Published on March 17, 2009 · 1:11 pm UK · 12 comments

in Business, Communication, Ethics, Public Relations, Reputation

trustconsequences

Amongst all the hand-wringing and words of anger about the behaviours of some companies in the financial sector, here’s hard proof that when you really mess with your customers’ trust in your business, the direct consequences can be severe.

From today’s Economic Times of India:

Around 46 customers of Satyam Computer Services have moved their outsourcing contracts to rival tech firms such as TCS, Wipro, IBM and Accenture, ever since the company’s founder and chairman Ramalinga Raju admitted to a financial fraud of over $1 billion.

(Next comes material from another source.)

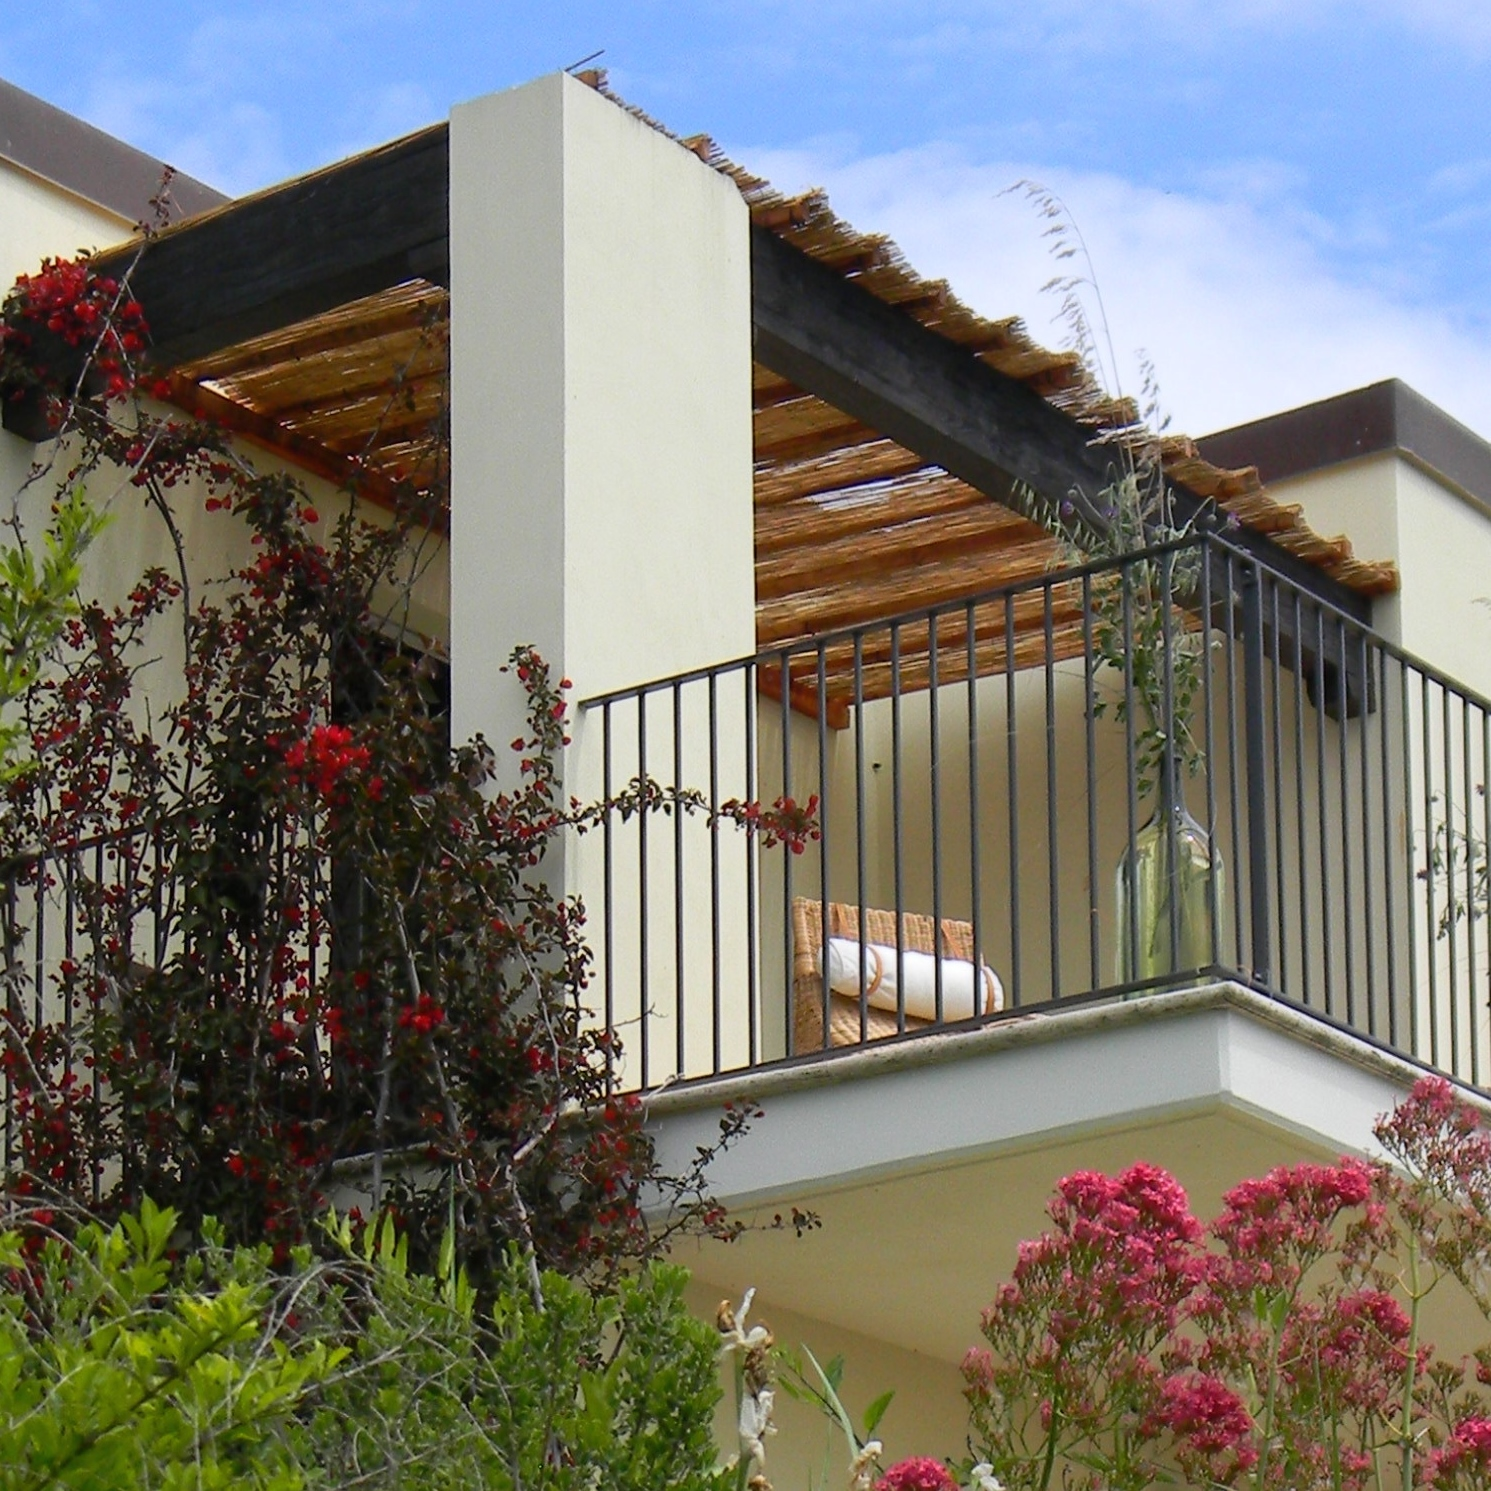 Casa Bardella - Sleeps 5, San Vito/Ortona

[…] Top customers such as semiconductor firm Applied Materials, Kansas State Bank, Telstra, Emerson, Nissan, State Farm Insurance and Sony apart from dozens others have either moved out their projects completely, or are in the process of migrating current Satyam work to other outsourcing vendors, as these clients seek to mitigate the operational risks by working with more stable vendors.

Those 46 companies would be in the top left blue bar in the graphic above. That graphic comes from the 2009 Edelman Trust Barometer, published last month.

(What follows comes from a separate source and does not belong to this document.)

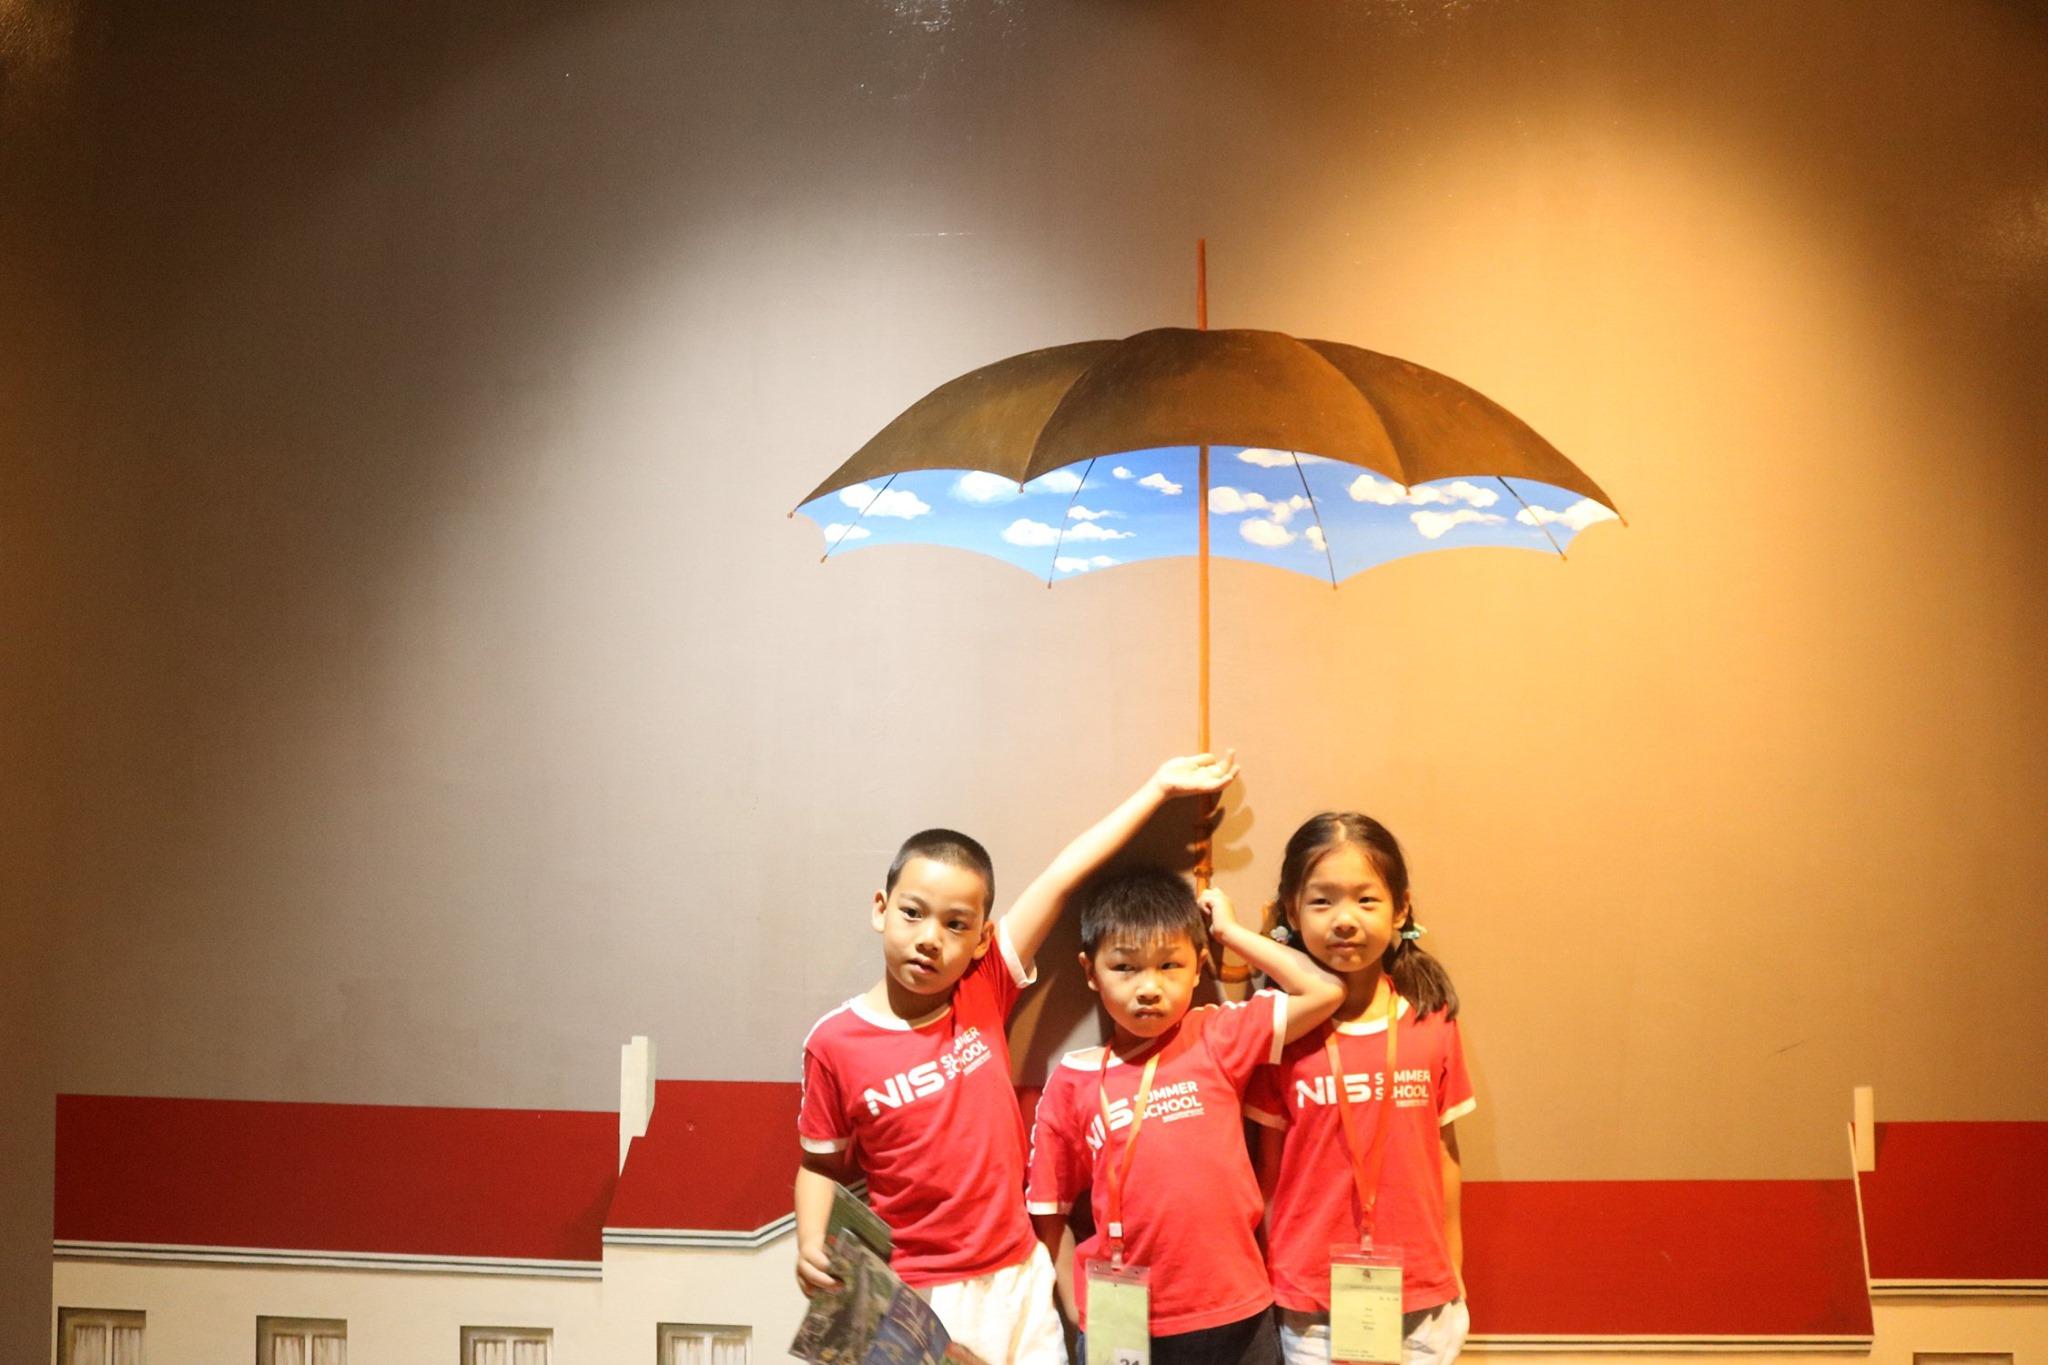 NIS-Summer-School-2019-Day-24-Kiddy-Land-9

Trust in business around the world is, generally, lower today than it was a year ago, according to the Edelman report. And, generally, CEOs and other leaders aren’t held in especially high esteem.

What happened at Satyam Computer Services is unusual (didn’t they say that, too, about Enron and WorldCom?) and the company probably will recover, especially as they have a new CEO.

But that still requires huge trust. And 46 big customers clearly didn’t want to take another risk.